Mental Health Check In, Sincerely Tiko
Hey Tiko Gang, I'm really sorry Ive been away from the blogs. So much has been happening lately. THE TIKO TEN podcast is only getting busier & more booked up and being the main person responsible for it all hasn't been easy. The days all blend together. I often wake up not knowing which day of the week it is. Everything happening so damn fast and I can't slow down. I can't afford to slow down. I can't afford to stop. I can't afford to lose. Even when Im hurt, even when Im tired, even when Im sad. My own expectations haunt me constantly. and they break my own heart. Going from LA, to Houston, then Austin, then back to Houston, Texas, back to New York. Dealing with live shows, recordings, events, meetings, fake friends, heartbreaks, disappointment, but also happiness? Because It's been an amazing journey being at Barstool for the past 5 months, but its really true. On your way up is when you're truly tested the very most. I know this what I signed up for. But gathdamn it's been a wild one. I shoulda known lol.
I don't have a circle in New York, besides two skater brother best friends. (Hey Jones, Hey Domo.) They be all I need though, so I still be good but even still - after 5 months of living in NYC, I still don't feel adjusted. The best thing about NYC is my job, where things feel productive, and creative. But still, the calls come; My father needs money in Africa. My mother needs assistance in Texas and I can't be there. I'm never there, Ive been chasing dreams for the past 10 years. My grandma is getting older and I can't see her as much. Losing team members. Losing friends. When I'm going through something, I tend to retreat into my shell. It effects my work, which I genuinely hate so much. Some days are a lil tough to just get out of bed. Some days I feel like a failure. Some says I feel like the man. Ive been thinking "Will Dave think Im doing enough?", thinking "Will I lose the best job Ive ever had in my life? My dream job.", "Will I get resigned in October?" I try not to worry about it so much, as this job means so much to me.
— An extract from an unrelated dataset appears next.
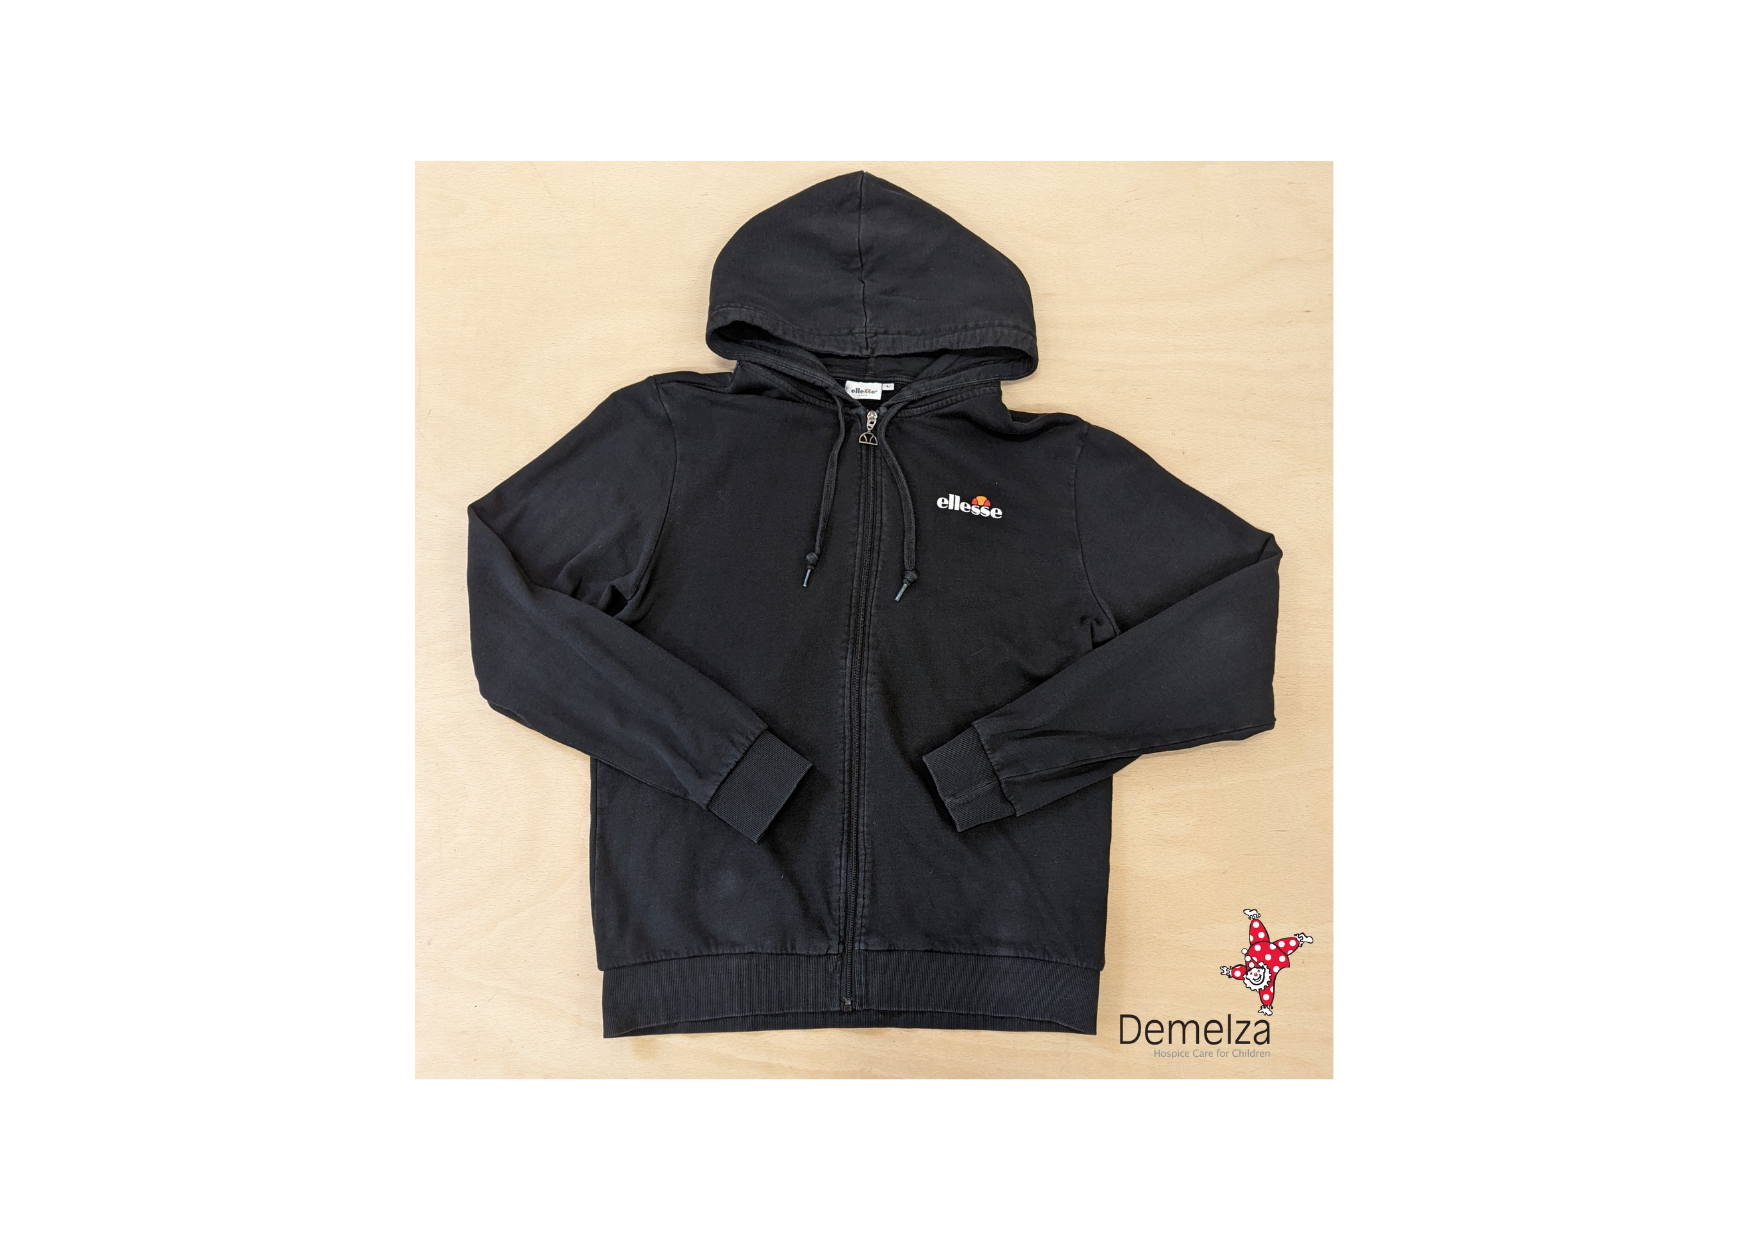 Black hoodie with small Ellesse spell out and logo to chest

But then I realize, I'm only human. Im only one person. I can only stretch myself so much. I really do try to focus on only me, and my ambitions. But then family stuff comes in. Friend stuff comes in. Relationship stuff comes in. Social Life comes in. Wants and needs come in. But I keep telling myself "You're so lucky." I keep telling myself, "People would kill to be where you are." I feel like I can't even focus on my other passions; music, art, acting and fashion. Because Im too busy trying to prove to myself that I have to work harder at what is actually paying the bills right now, which is Barstool. It's the job I prayed for, for so long. And Its Mine.
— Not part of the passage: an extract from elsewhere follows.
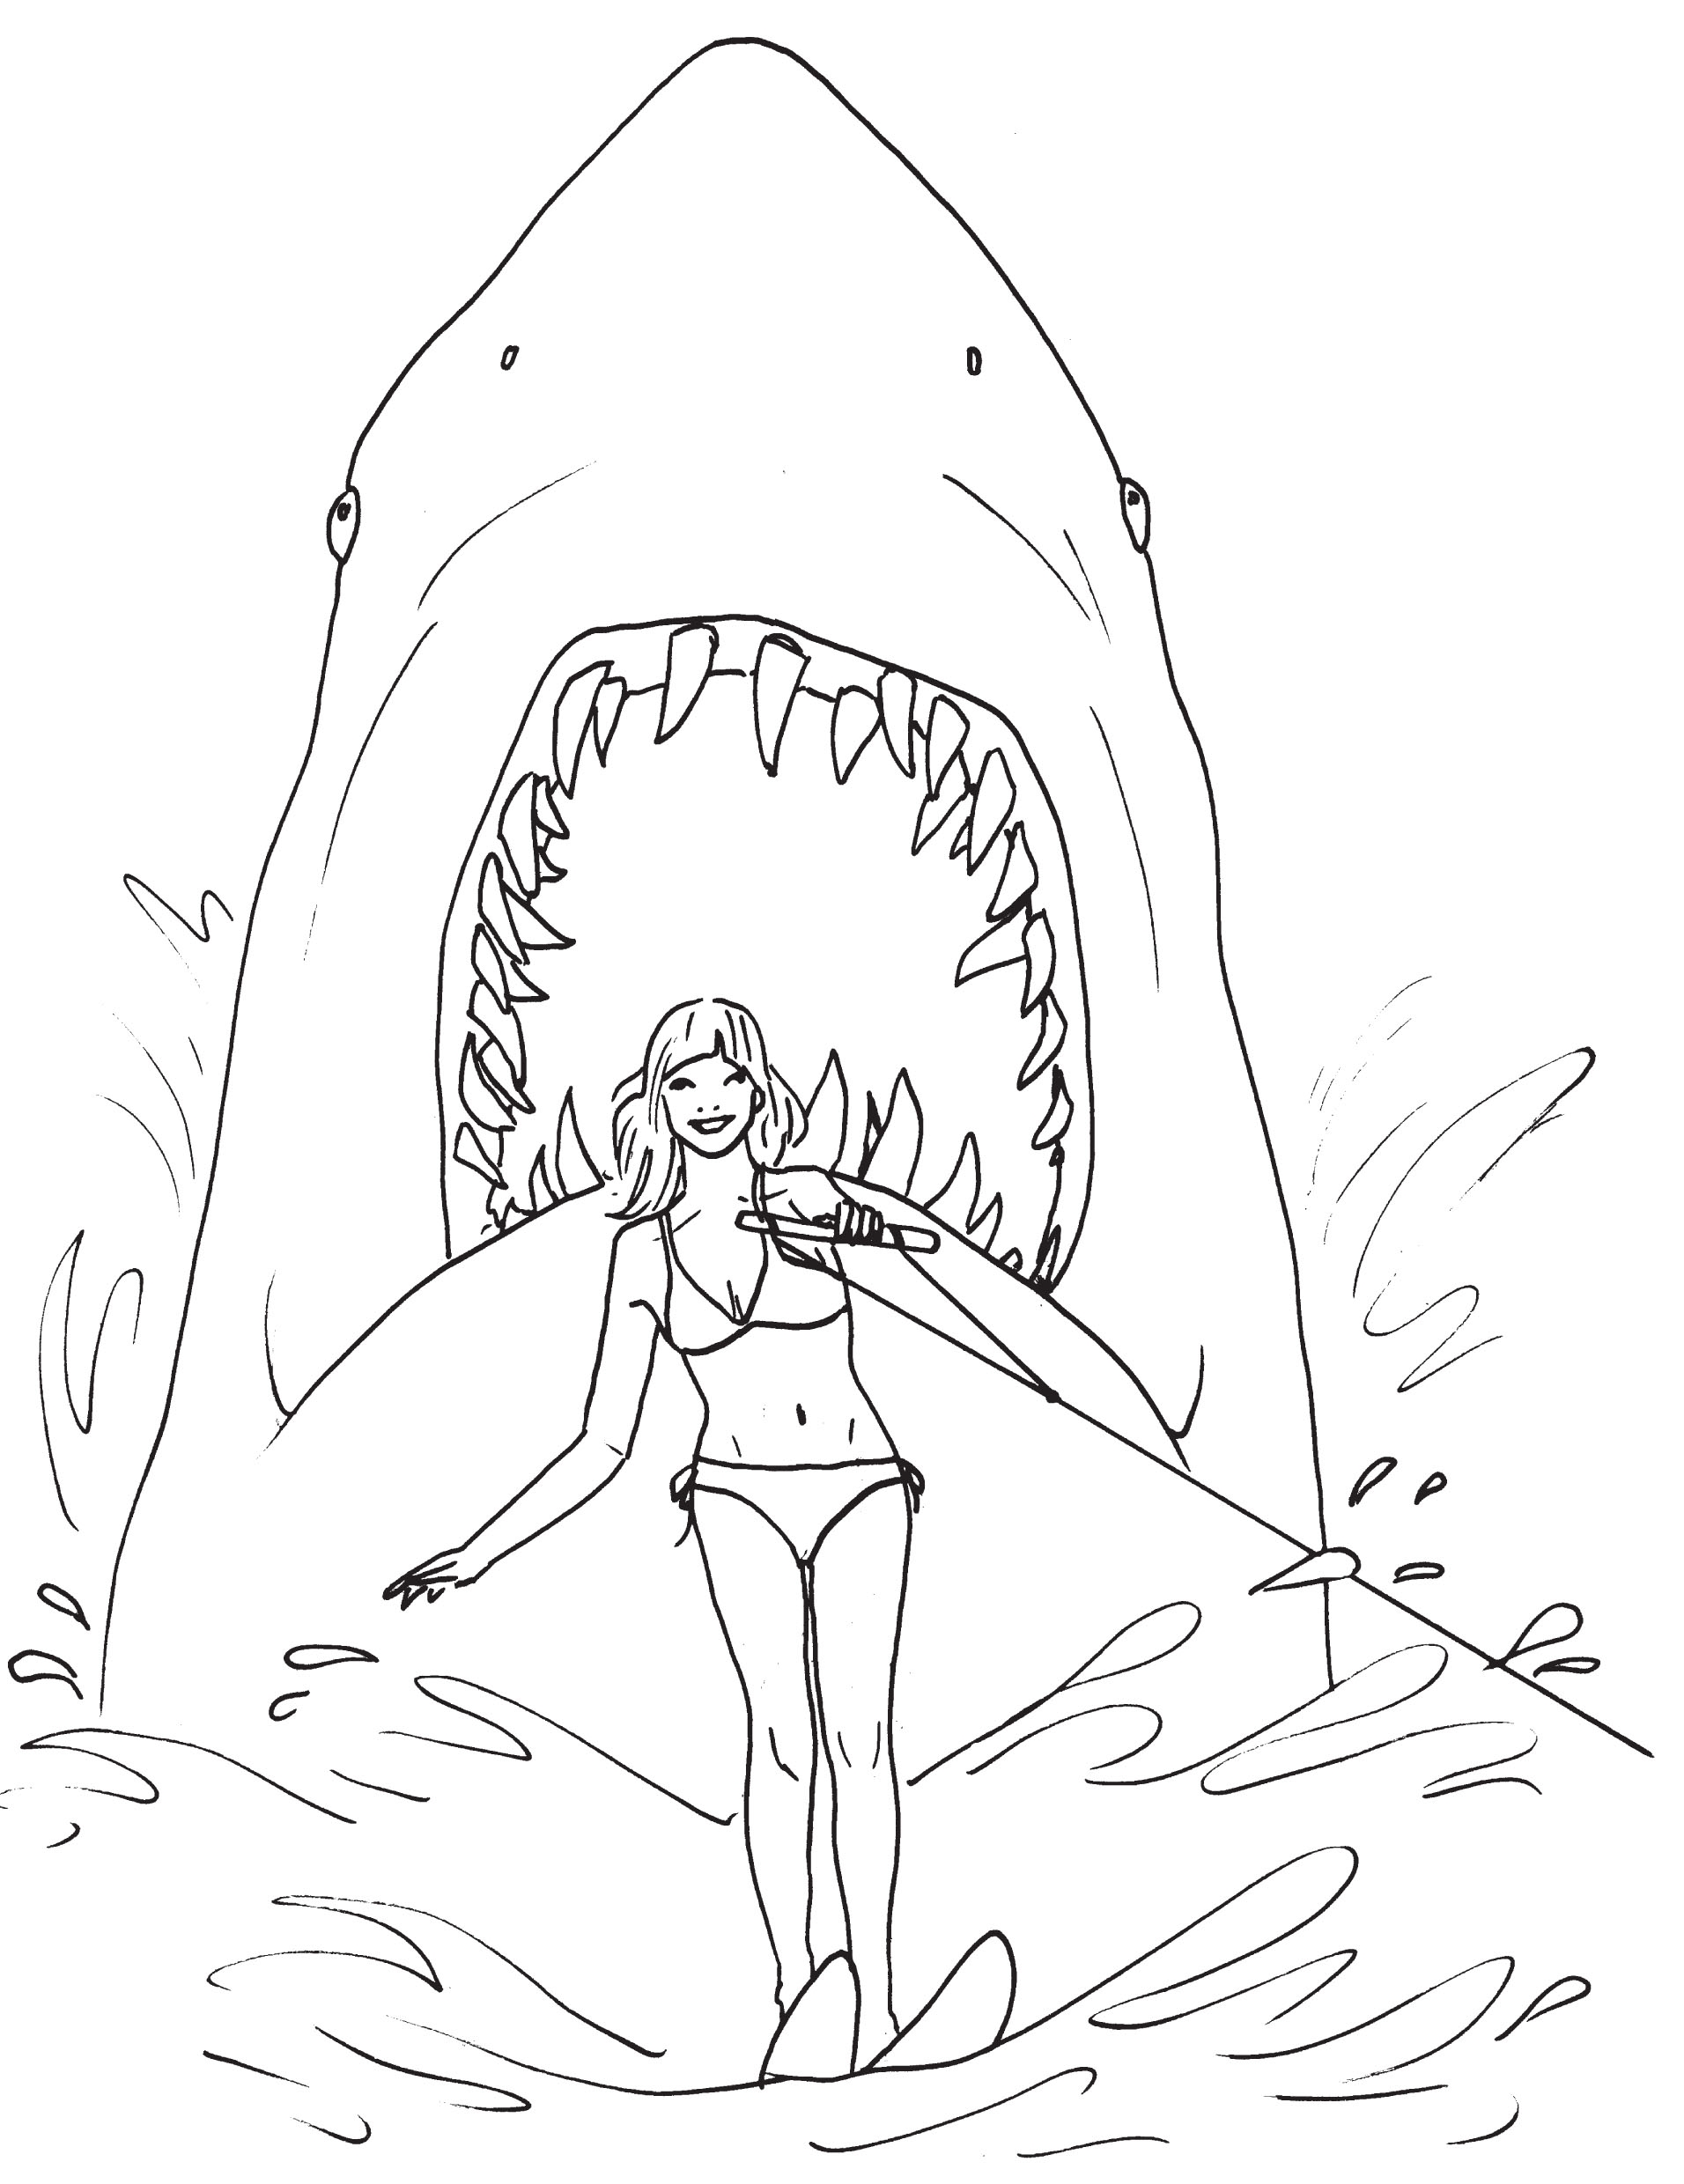 Scary Shark Coloring Pages at GetColorings.com | Free ...

I try so hard to pray away the self doubt and fight against the semi- depression that sometimes pops into my head (Thank you Barstool for providing "Better Help). It's usually just me, against me. My thoughts, my expectations, my wants, my future. I try so hard to be that girl I know I can be, that big break-out star, the one that will make Dave and Erika so proud.
Sometimes my paranoia makes me believe that Dave could even slightly believe he might have made a mistake by hiring me 5 months ago. Lord knows bringing the first black woman content creator to Barstool, is a whammy in its self, even if we have several years of a history/friendship. He knows Im no Tik Tok star, and also completely different from Barstool once was. (W/ MDWOG, Mircodosing, etc, I can't say Barstool is the same as before, anymore, ever again.) But even at other times, I can even start to worry over how much money Im making the company. Am I? Will that really matter to Dave & Erika since they know Im new to the company? I know my potential but it feels close enough to reach, but too far away to touch. I know Im doing okay for myself and Im working really hard at my podcast and my brand, but am I really breaking ground? .
Its hard not to feel small in this star-studded company, and although I know I bring something different to Barstool, and that The Tiko Ten is a truly good show, and has had some amazing guests, bigger stars I woulda even imagined. It has so much potential to grow big and get better. But still at times, I can't stop thinking… "Is it enough?". And I guess, that's the question that we all think. I vow to myself that I'm going to get better at being consistent with my blogs, because this is a safe place for me. And we all need a safe place. I just wanted to write this blog to tell you to keep going, keep fighting, and keep dreaming. Because that's what make champions. We lose, We lose, we lose, and then we win, and we win big. Good people win in the end. At least that's what I keep telling myself. And i'll keep going, keep fighting, keep dreaming… until the Victory is mine.
I love you Tiko Gang. and ill always ride out with y'all anywhere, anytime. Cuz baby, We in this shit 4L. and one day, it'll all make perfect sense. Even if that day isn't today. There's so much to be grateful for, just take the time to smell the flowers. Because in the famous words of 'Ye "People never get their flowers, while they can still smell them."